_Aim of the exercise_. Pull out the lines from the one containing "John Smedley 4singular" through the final line of the listing below and repeat them exactly. Leave the pictures behind.

_Provided material_.
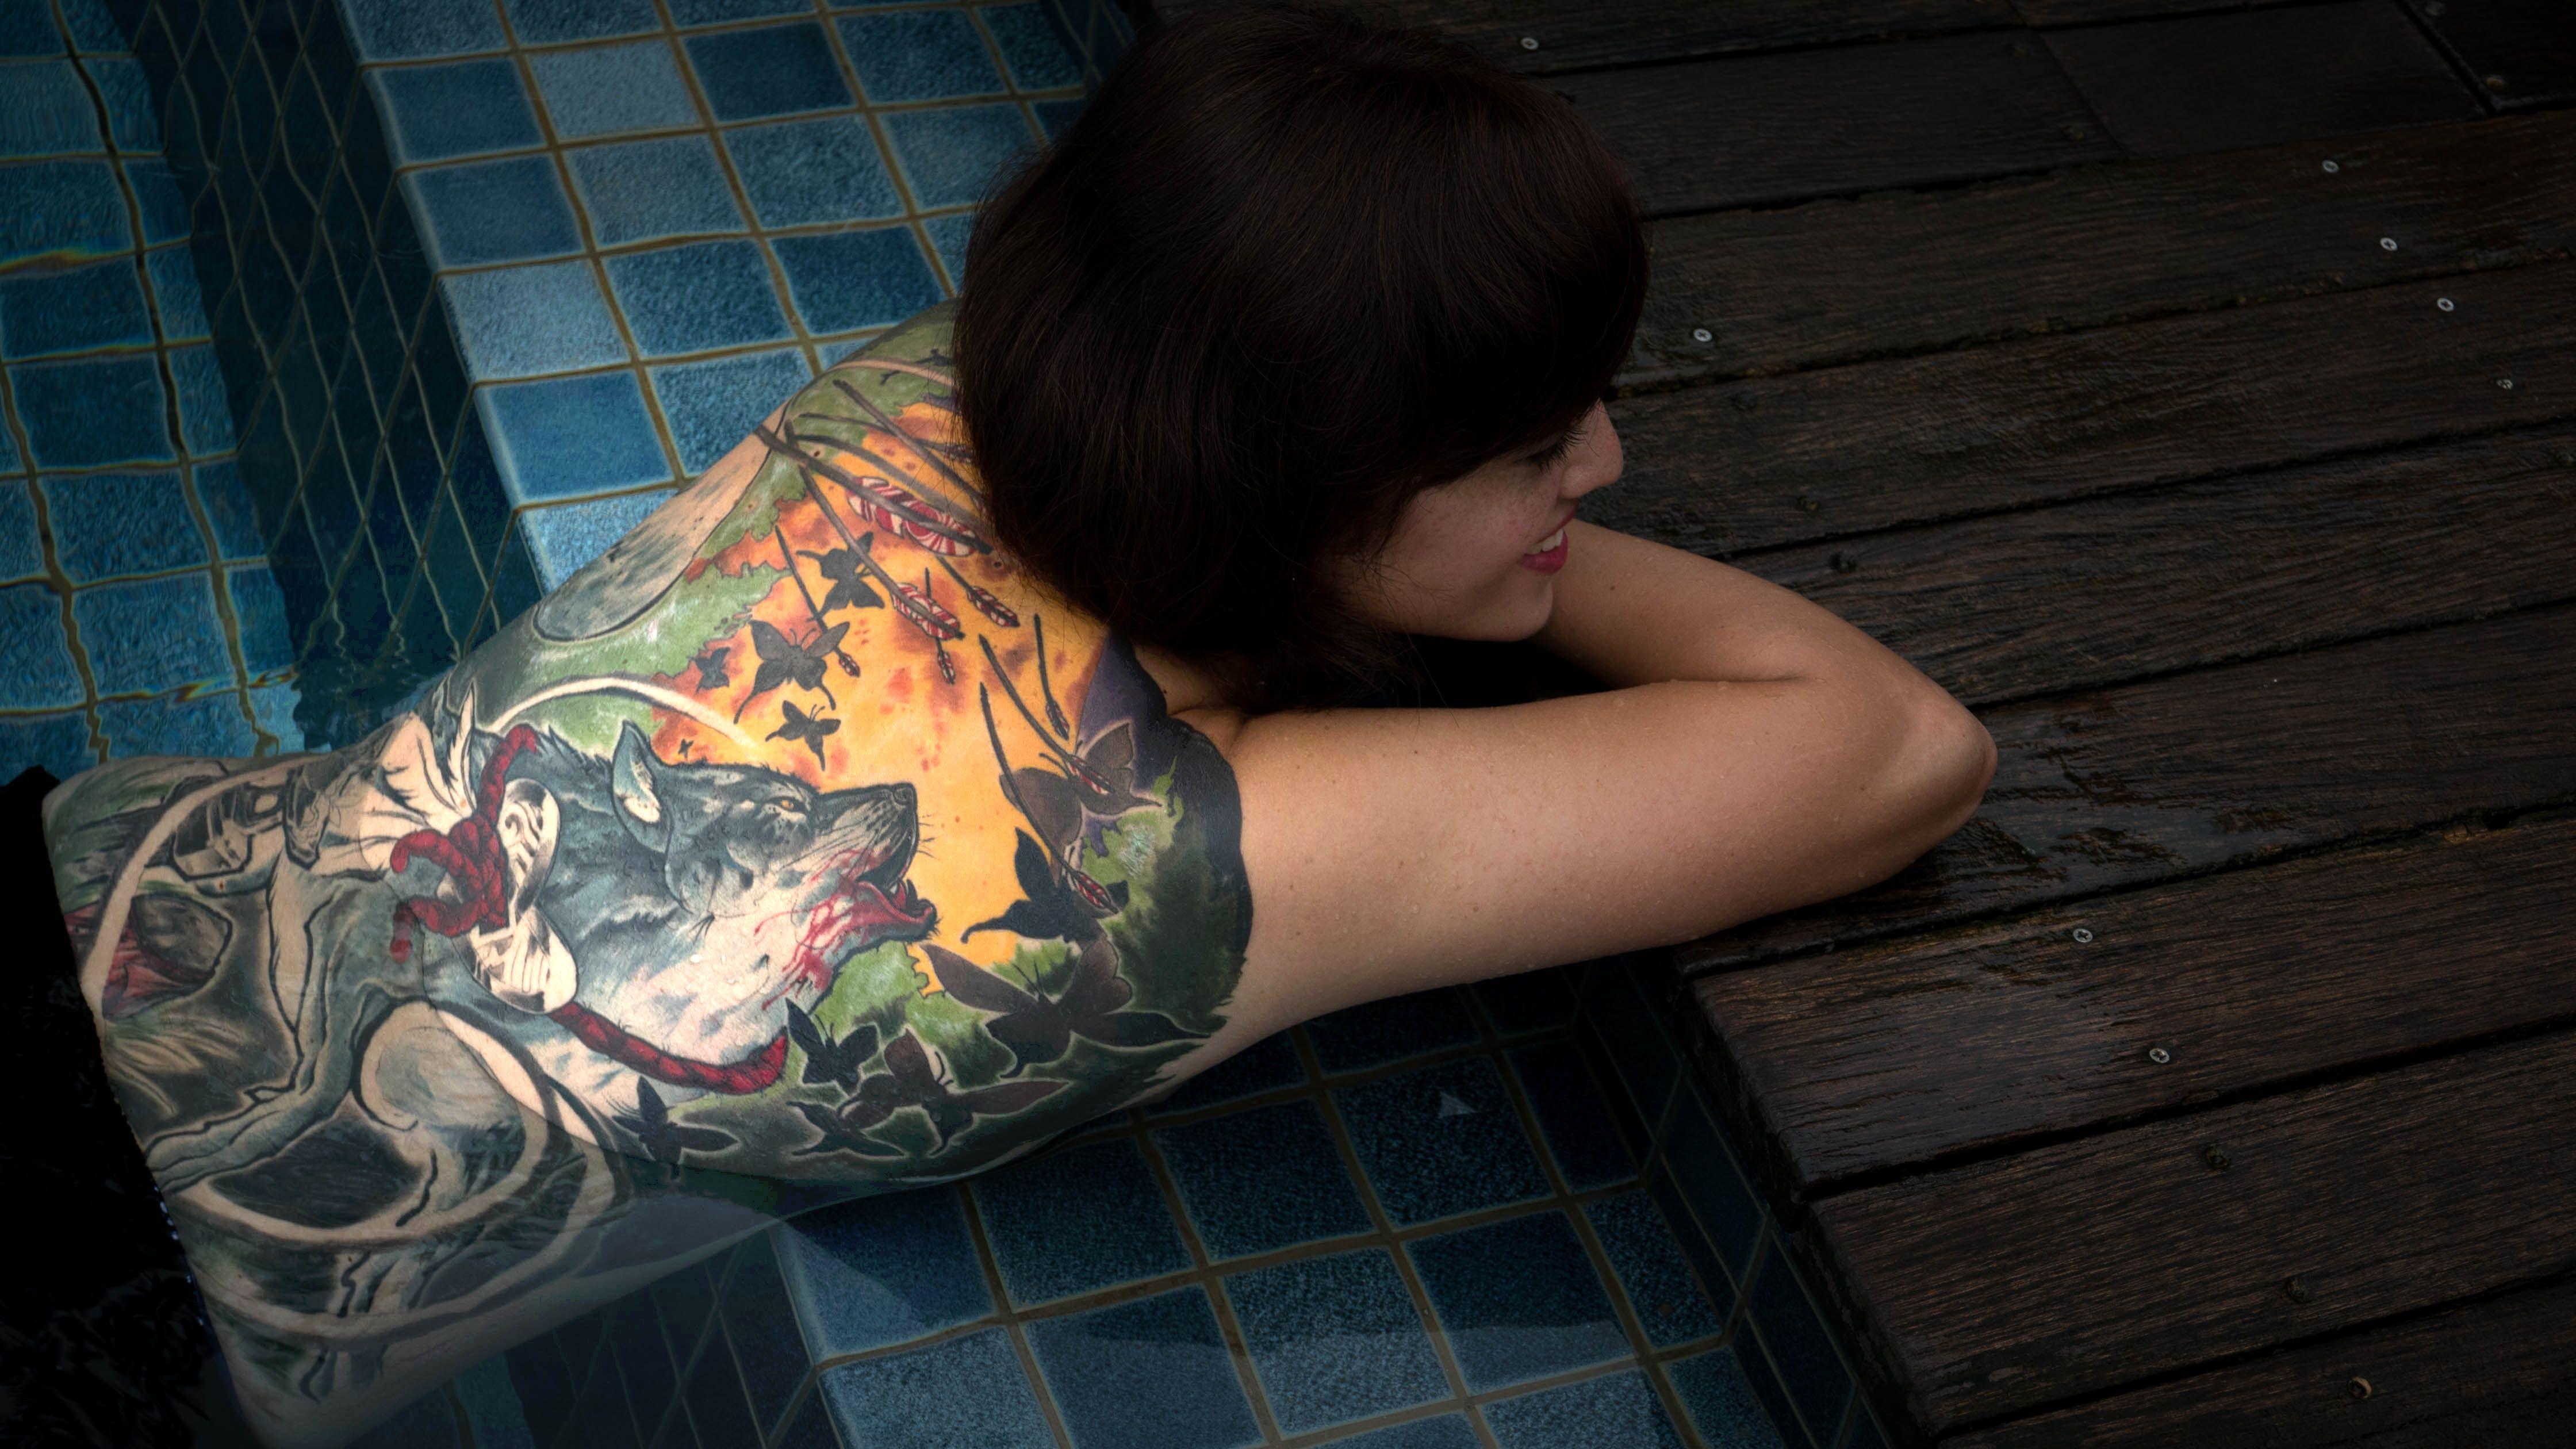 Tattoo Tattoos Ink Inked Inkedup Japanese Japanesetattoo Irezumi Horimono Shisei Wabori Illustra Singapore Tattoo Comic Book Tattoo Japanese Tattoo
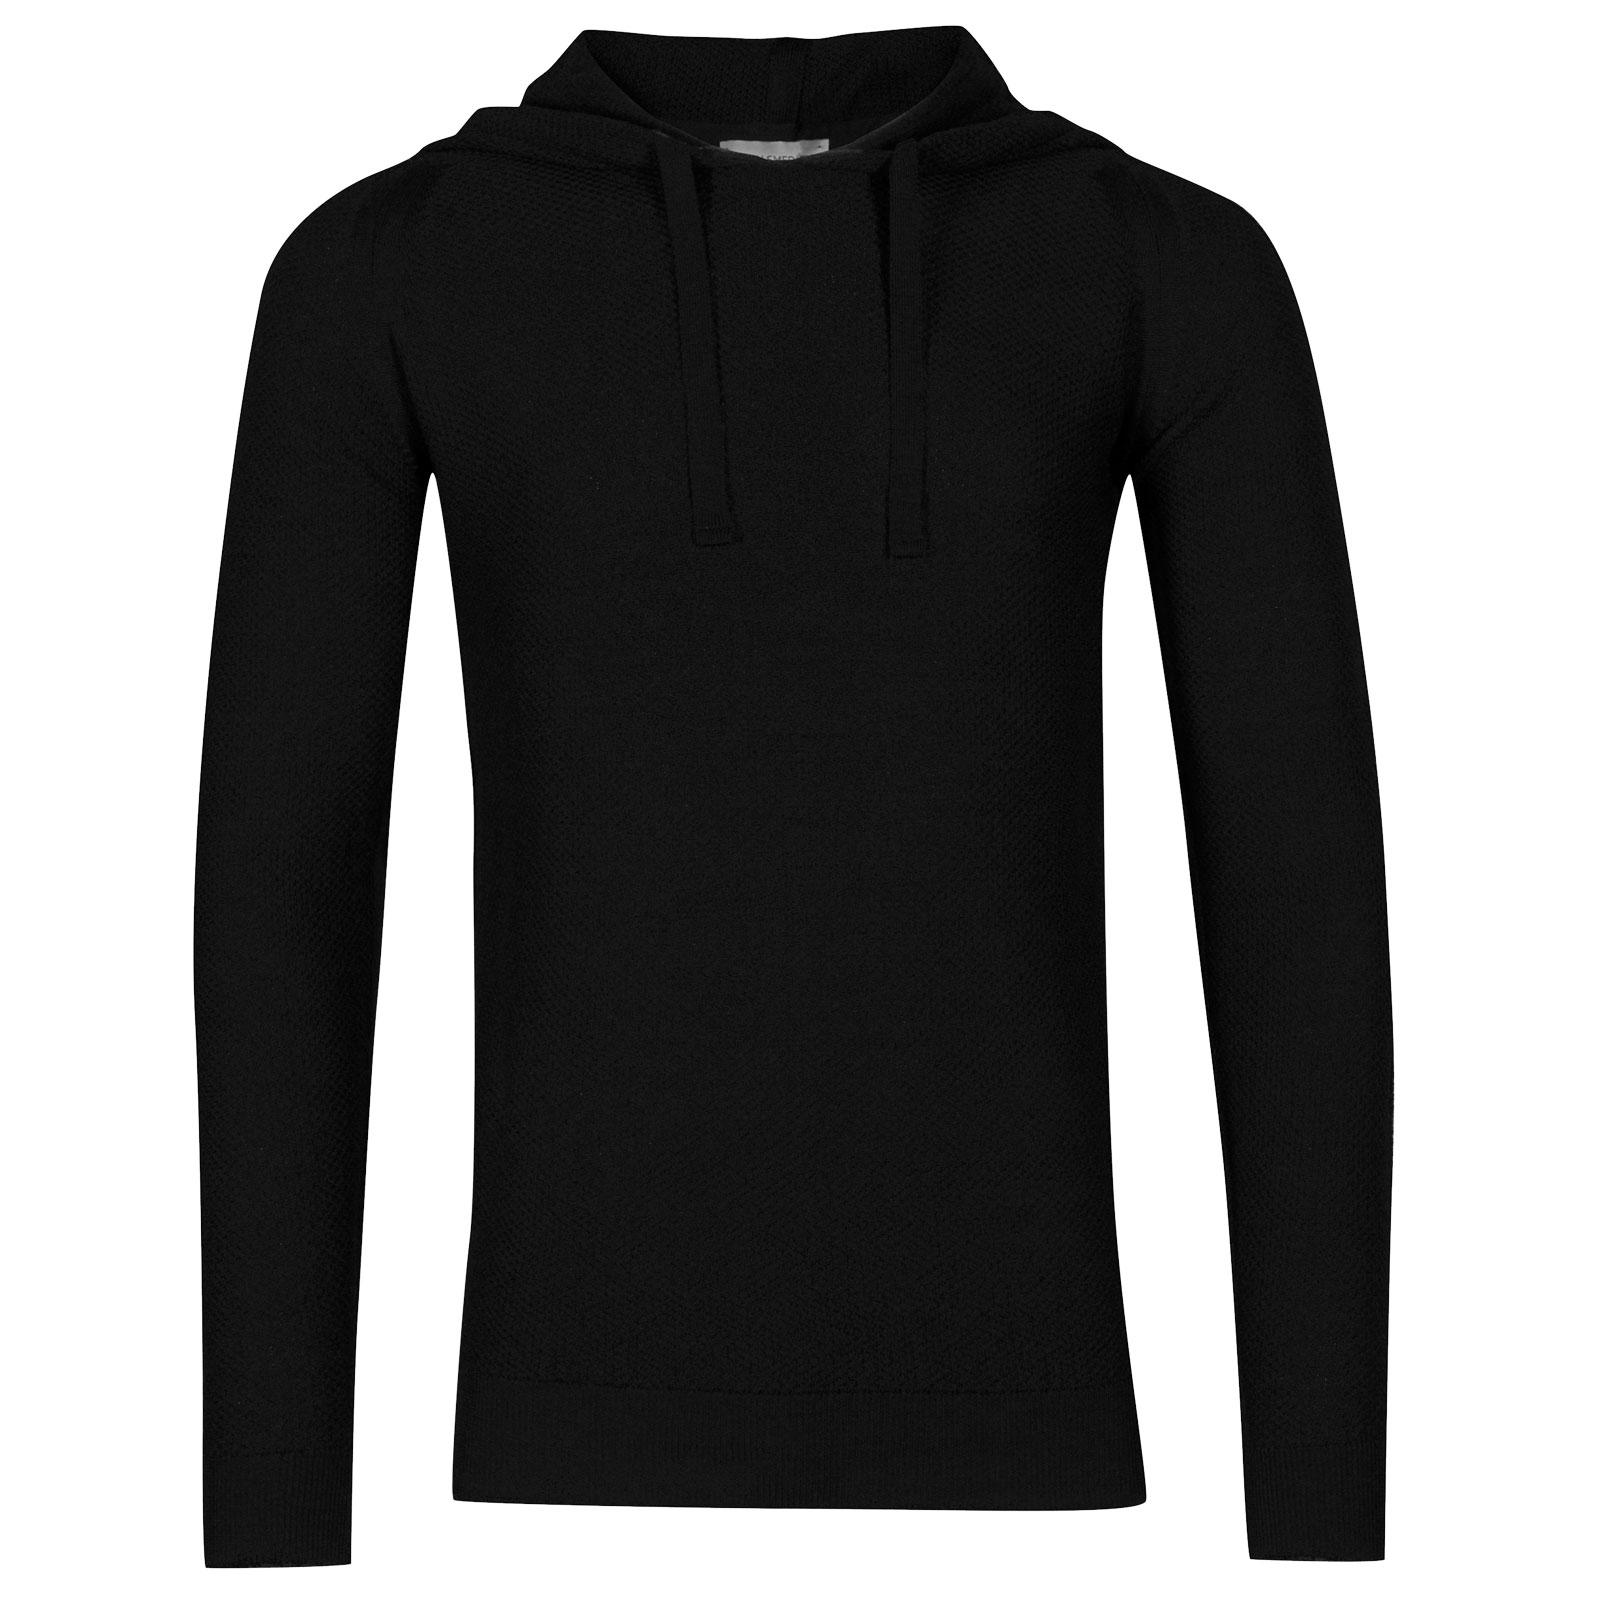 John Smedley 4singular Merino Wool Pullover in Black-XXL
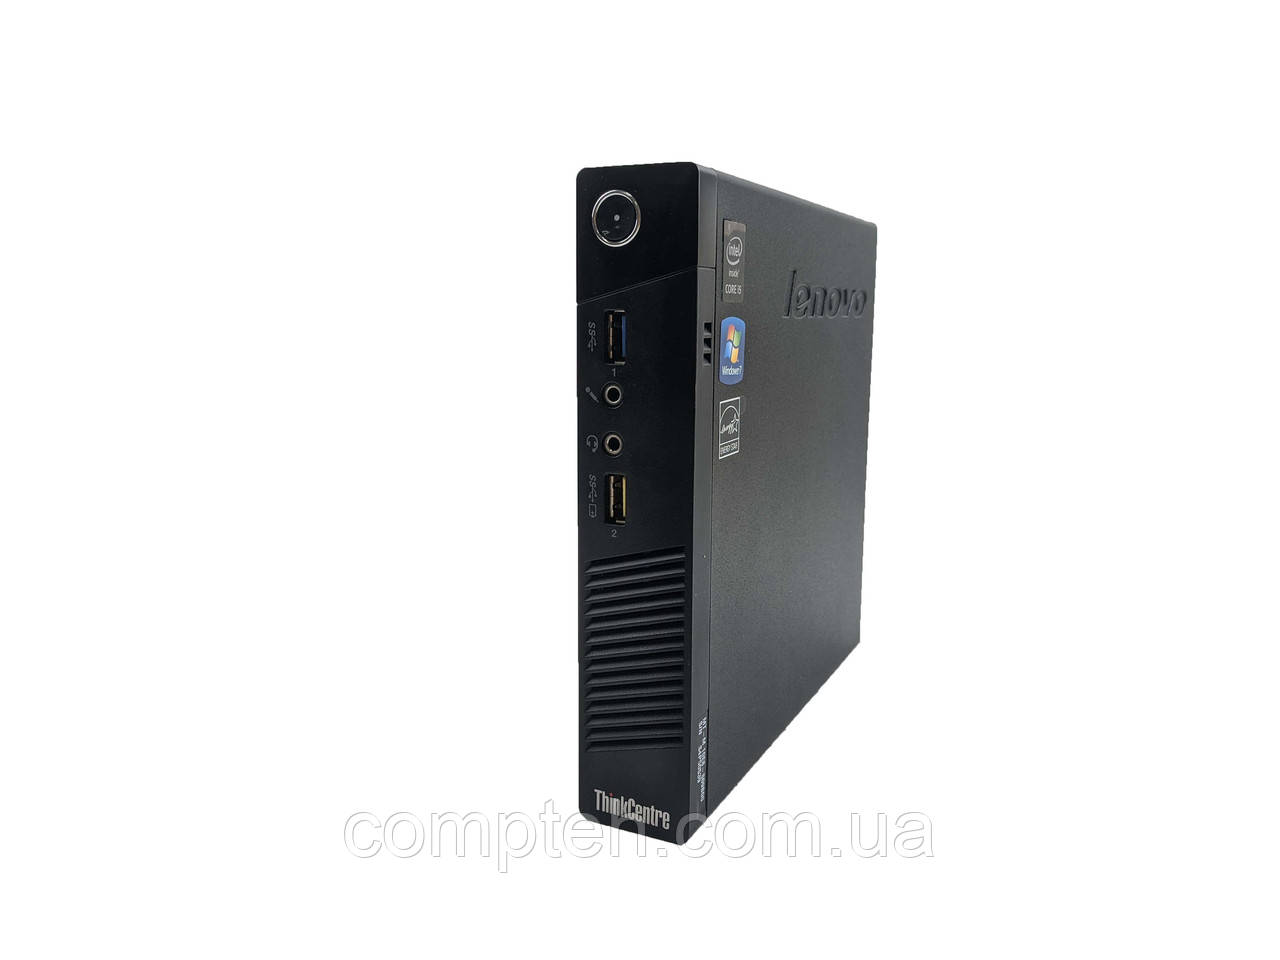 Системный блок Lenovo ThinkCentre M83 USFF
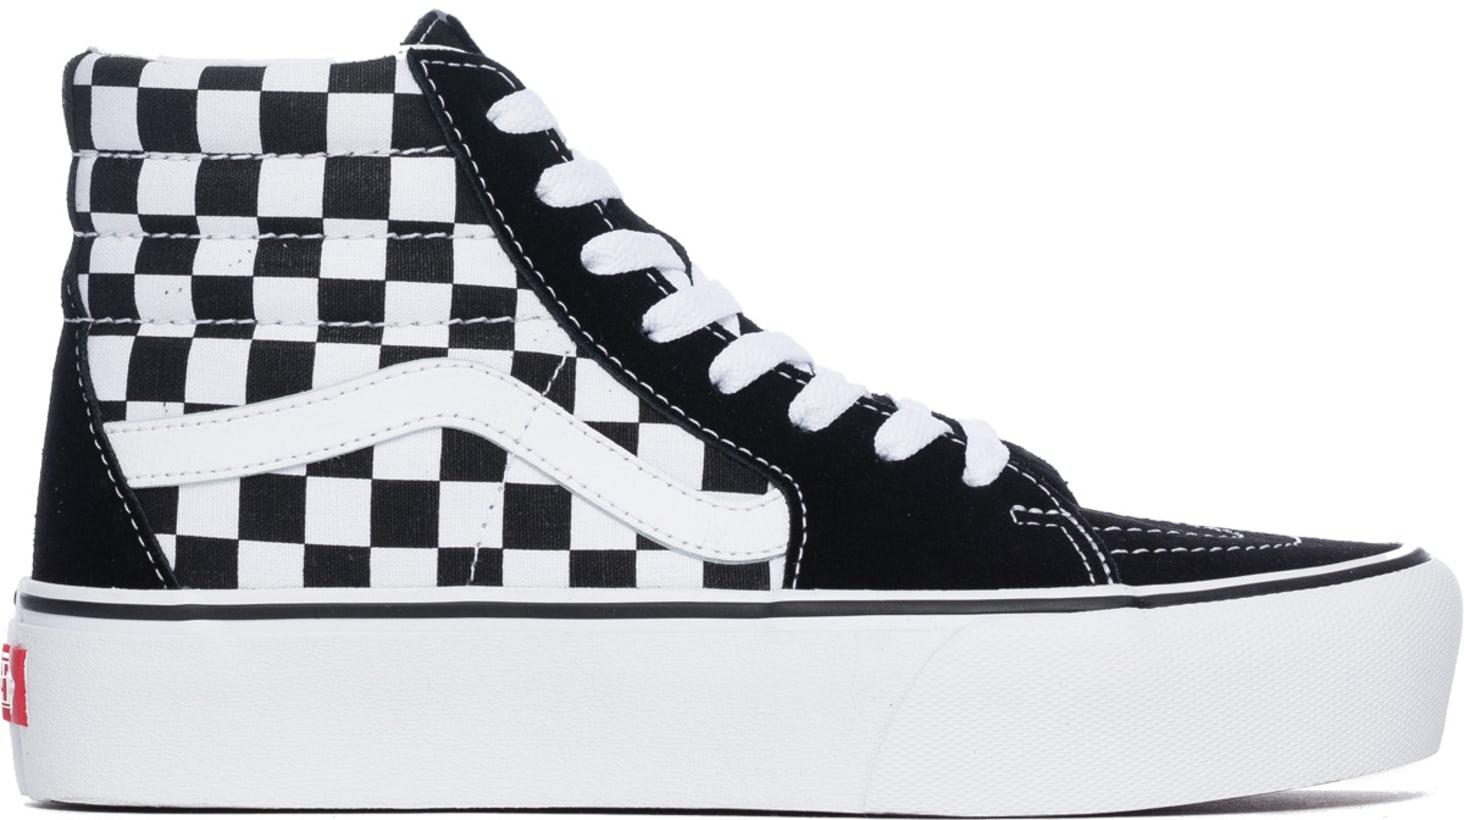 fe300570cb4 Vans: SK8-Hi Platform 2.0 - Checkerboard/True White   influenceu

_Response to the exercise_.
 John Smedley 4singular Merino Wool Pullover in Black-XXL
 Системный блок Lenovo ThinkCentre M83 USFF
 fe300570cb4 Vans: SK8-Hi Platform 2.0 - Checkerboard/True White   influenceu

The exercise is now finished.